Slabaugh’s piece begins with a picture of one of the three textbooks used in the course, John C. Lennox’s odious God’s Undertaker: Has Science Buried God? (Answer: of course not!). Here’s a picture of the book; I’ve looked at it and the one other textbook available in the University of Chicago Library (the third is apparently a nonreligious book on cosmology).  The cross on the cover gives it away, and it’s as expected: a deeply Christian analysis of science, showing that everything we know about evolution, physics, and biochemistry comports with Christianity. It’s also creationist, suggesting that the gaps in the fossil record mean that macroevolution didn’t happen, and that natural selection on random mutations couldn’t possibly explain evolution. (It also goes after our ignorance of how life began, slyly insinuating that maybe God did it.) Those are classic creationist arguments.

Lennox
Praise the Lord and pass the pipette!

The other textbook I’ve seen is The Hidden Face of God by Gerald Schroeder, an Orthodox Jew. It does the same thing as Lennox’s book, but using the Old instead of the New Testament, also comporting science with the Bible. (It’s not quite as bad as Lennox’s book, but that’s not saying much.) Clearly, the use of both books as texts, with no dissenting material, constitutes proselytizing for religion. It’s unconscionable if you have any love for true science untrammeled by the albatross of woo.
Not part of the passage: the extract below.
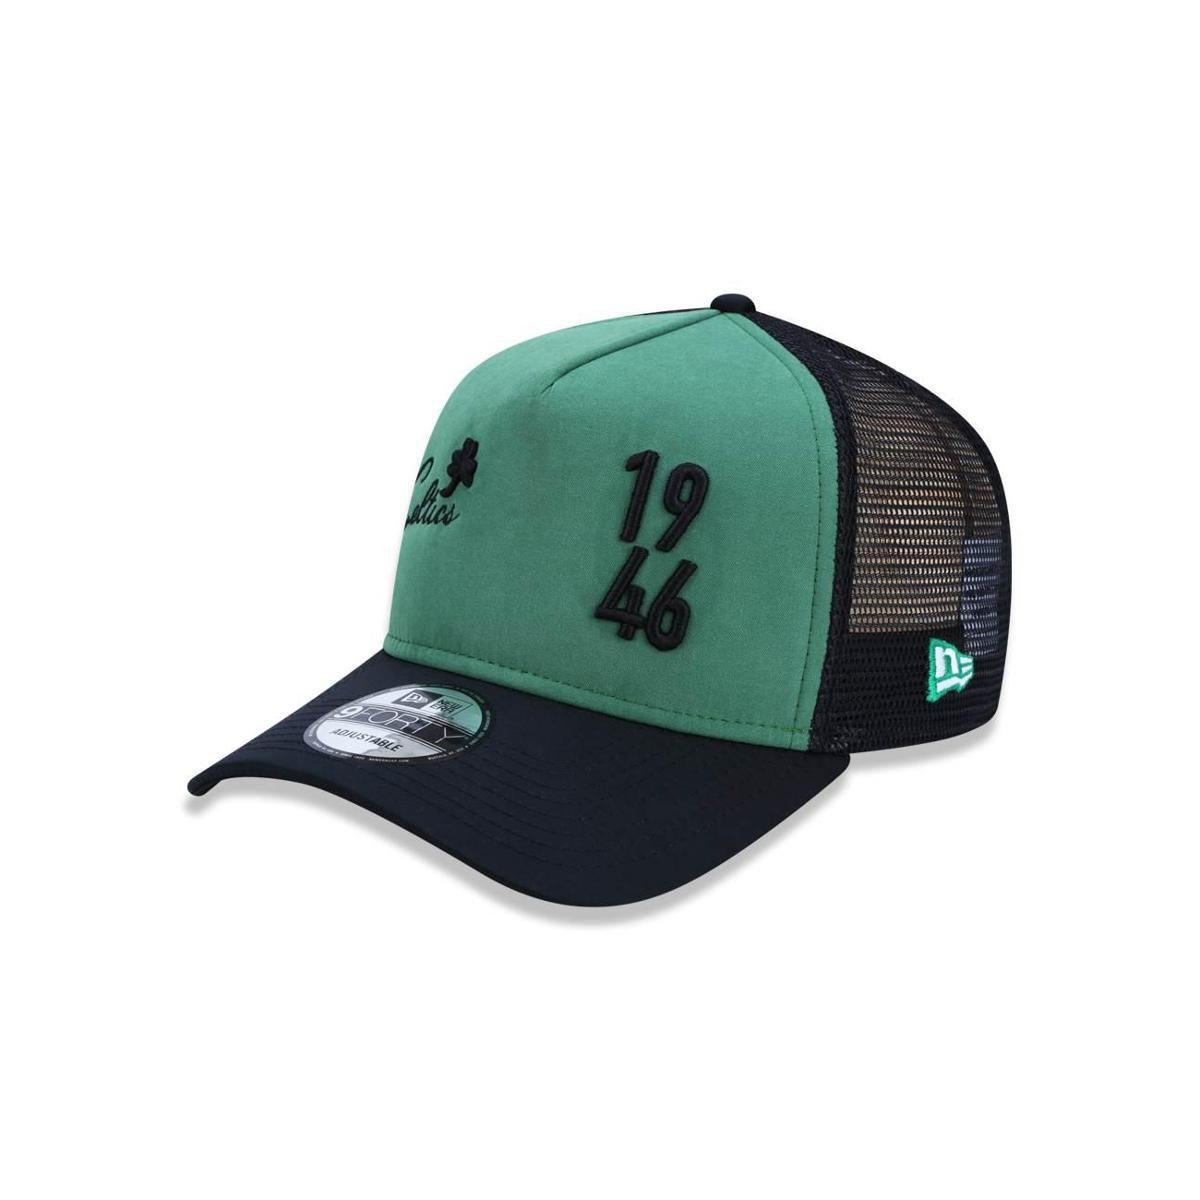 Boné 940 Boston Celtics NBA Aba Reta New Era - Verde e Preto - Compre Agora   db32c245ef6

Slabaugh’s story has some new information of interest, including the following (quotation marks include direct quotes from the paper):

  • “State Sen. Dennis Kruse, R-Auburn, was among the first to call Ball State University President Jo Ann Gora after news broke that Eric Hedin, an assistant professor of physics, had been accused of encouraging students in a science class to believe in the Bible.. . . “I come from a Christian perspective and a conservative perspective,” Kruse told The Star Press on Friday. ‘I’m under the impression academic freedom should be for everybody, not just liberal, non-God people but Christians as well, who should have the liberty to teach what is the best thing for kids to learn.’ The chairman of the Senate education committee, Kruse last year unsuccessfully sought the teaching of creationism in schools. This year he filed a bill, also unsuccessfully, that would allow public schools to require the recitation of the Lord’s Prayer, though individual students could opt out if they or their parents preferred.”

LOL.  Kruse is the perfect advocate for Hedin!  Several of Hedin’s students also wrote the University’s president supporting his course, but there are also dissenting students whose complaints have not been made public, either because they are currently wary of revealing their names (no surprise!) or because the University won’t release the student evaluations, despite the fact that they are anonymous:

  • “Ball State denied The Star Press’ request for access to student evaluations of Hedin’s ‘Boundaries of Science’ course, even without the students’ names. The university said the evaluations are private because they are ‘deliberative documents that are used for the purpose of recommending personnel decisions about promotion, tenure and salary.’. . . Hedin lectured only a few times, [one] student wrote to Gora. ‘The sole content of these lectures involved the life cycle of stellar bodies and the Big Bang Theory.’ Twice, while Hedin was away at conferences, the class watched movies, one of which ‘detailed specific gaps in evolutionary theory,’ the student reported.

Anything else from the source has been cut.